# Assuming Everyone Stays Healthy, Do The Wizards Have A Legit Shot At Contending?



## Basel

It wasn't that long ago that the trio of Arenas, Butler & Jamison led their team to the top of the Eastern Conference standings - of course, this was about midway through the season and the rest of the competition in the East wasn't what it is today - and then things fell apart. But nobody ever expected them to be at the top.

If they're healthy this season, do they have any realistic chance at competing with the Magic, Cavaliers or Celtics? Wouldn't surprise me if they grabbed the 4 seed or if they advanced to the 2nd round. But what would happen in the 2nd round should they meet either of those 3 teams? Would they have a chance at advancing to the Eastern Conference Finals or is it just a 3-team race again this season?


----------



## Krstic All-Star

If _everyone_ stays healthy _and_ Blatche continues to improve, then maybe, just maybe.


----------



## Dre

My heart says if they can get there completely healthy and Arenas is at least 95% of what he used to be they can make a cinderella run...but the NBA playoffs are where the best team always wins, it's not about runs. I don't think they could really beat Orlando 4 out of 7 games, and Cleveland has some sort of mystical edge over this team. I feel like the Wizards are to Lebron what Cleveland was to Jordan.


----------



## Krstic All-Star

Who's Craig Ehlo then?


----------



## Dre

Oh please, easily Deshawn :laugh:


----------



## Krstic All-Star

:lol: I can see it already.


----------



## Krstic All-Star

I wonder how McGee will play this season.


----------



## Dre

He's definitely showing flashes and from what I recall this preseason he's doing his thing. 
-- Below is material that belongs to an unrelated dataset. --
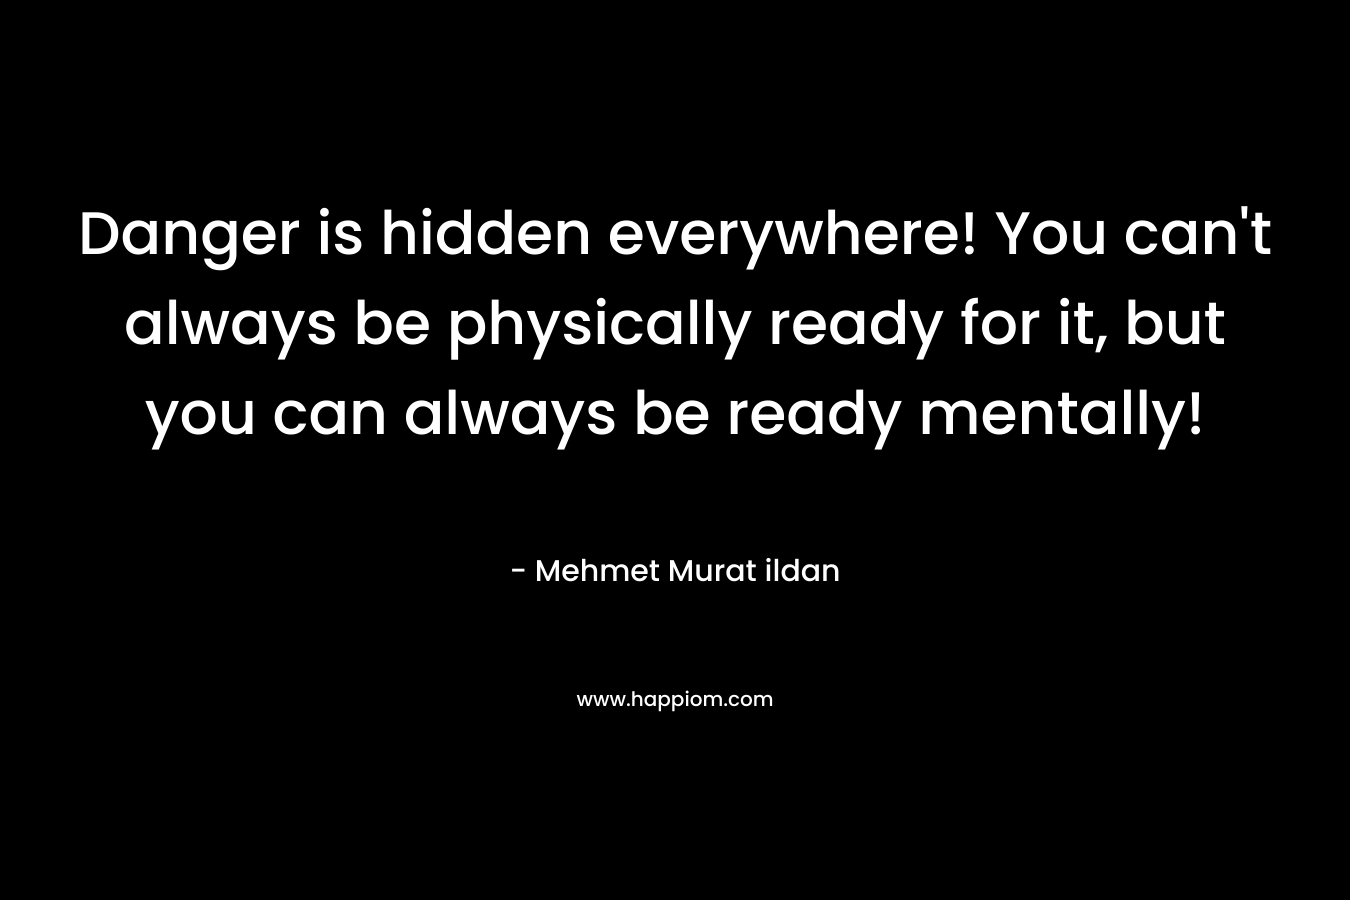 Danger is hidden everywhere! You can't always be physically ready for it, but you can always be ready mentally!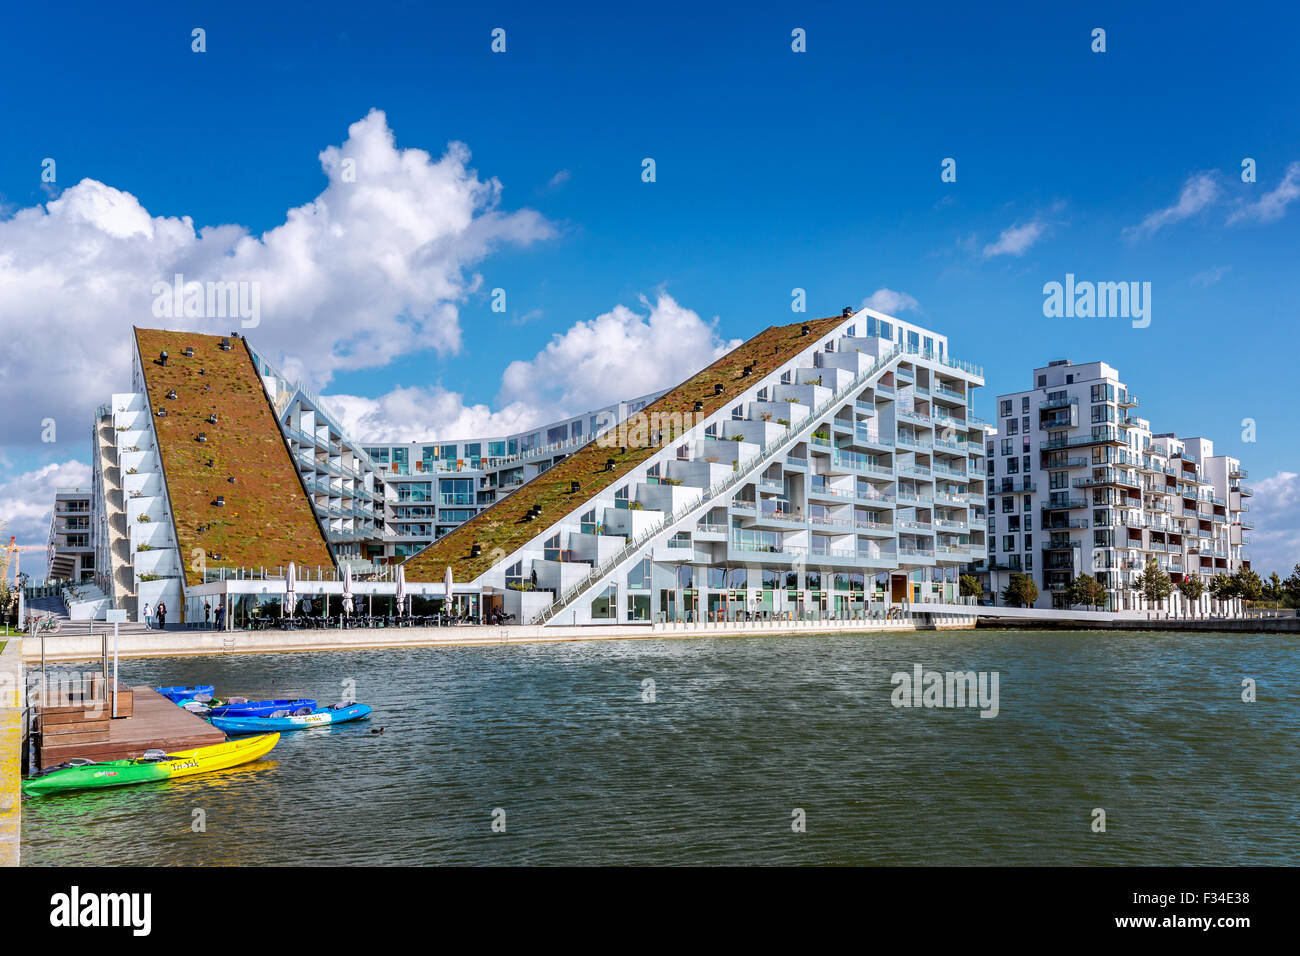 8 House, also known as 8 Tallet or Big House, architect Bjarke Ingels, 2011 prize for best building in the world, Copenhagen, Denmark Stock Photo

He's on his way to being the starter in a couple years he needs to just keep at it, hone his game and stay far away from Andray Blatche, who's in like his 4th year still showing "flashes".


----------



## Krstic All-Star

Well, McGee didn't really get much playing time last season, but seemed to have decent numbers for 15 mpg.


----------



## BlakeJesus

Blatche and McGee need to do good things with their minutes if the Wiz want to try and make an impact in the playoffs (or even get to the playoffs for that matter). Obviously health is a concern too, and it'd be nice to think that the injury plague will be gone but look at the Rockets. Some teams are just cursed.


----------



## Krstic All-Star

Nobody's even mentioned Haywood... not sure what that means


----------



## byrondarnell66

Krstic All Star said:


> Nobody's even mentioned Haywood... not sure what that means


Secret weapon


----------



## Krstic All-Star

^ Yeah, and the fact that he missed almost all of last season probably didn't help.


----------



## f22egl

Krstic All Star said:


> Nobody's even mentioned Haywood... not sure what that means


It means he's underrated. He is the team's best defender and one of the better defenders in the league. He was the key for the Wizards beating the Celtics 3 times in the 07-08 as he drew the assignment of guarding KG. He was part of the Wizards collective effort of containing Dwight Howard to only 3 points last season. Brendan Haywood could be a top 10 center this season if he plays like he did in 07-08; he's also playing in a contract year.


----------



## f22egl

Basel said:


> It wasn't that long ago that the trio of Arenas, Butler & Jamison led their team to the top of the Eastern Conference standings - of course, this was about midway through the season and the rest of the competition in the East wasn't what it is today - and then things fell apart. But nobody ever expected them to be at the top.
> 
> If they're healthy this season, do they have any realistic chance at competing with the Magic, Cavaliers or Celtics? Wouldn't surprise me if they grabbed the 4 seed or if they advanced to the 2nd round. But what would happen in the 2nd round should they meet either of those 3 teams? Would they have a chance at advancing to the Eastern Conference Finals or is it just a 3-team race again this season?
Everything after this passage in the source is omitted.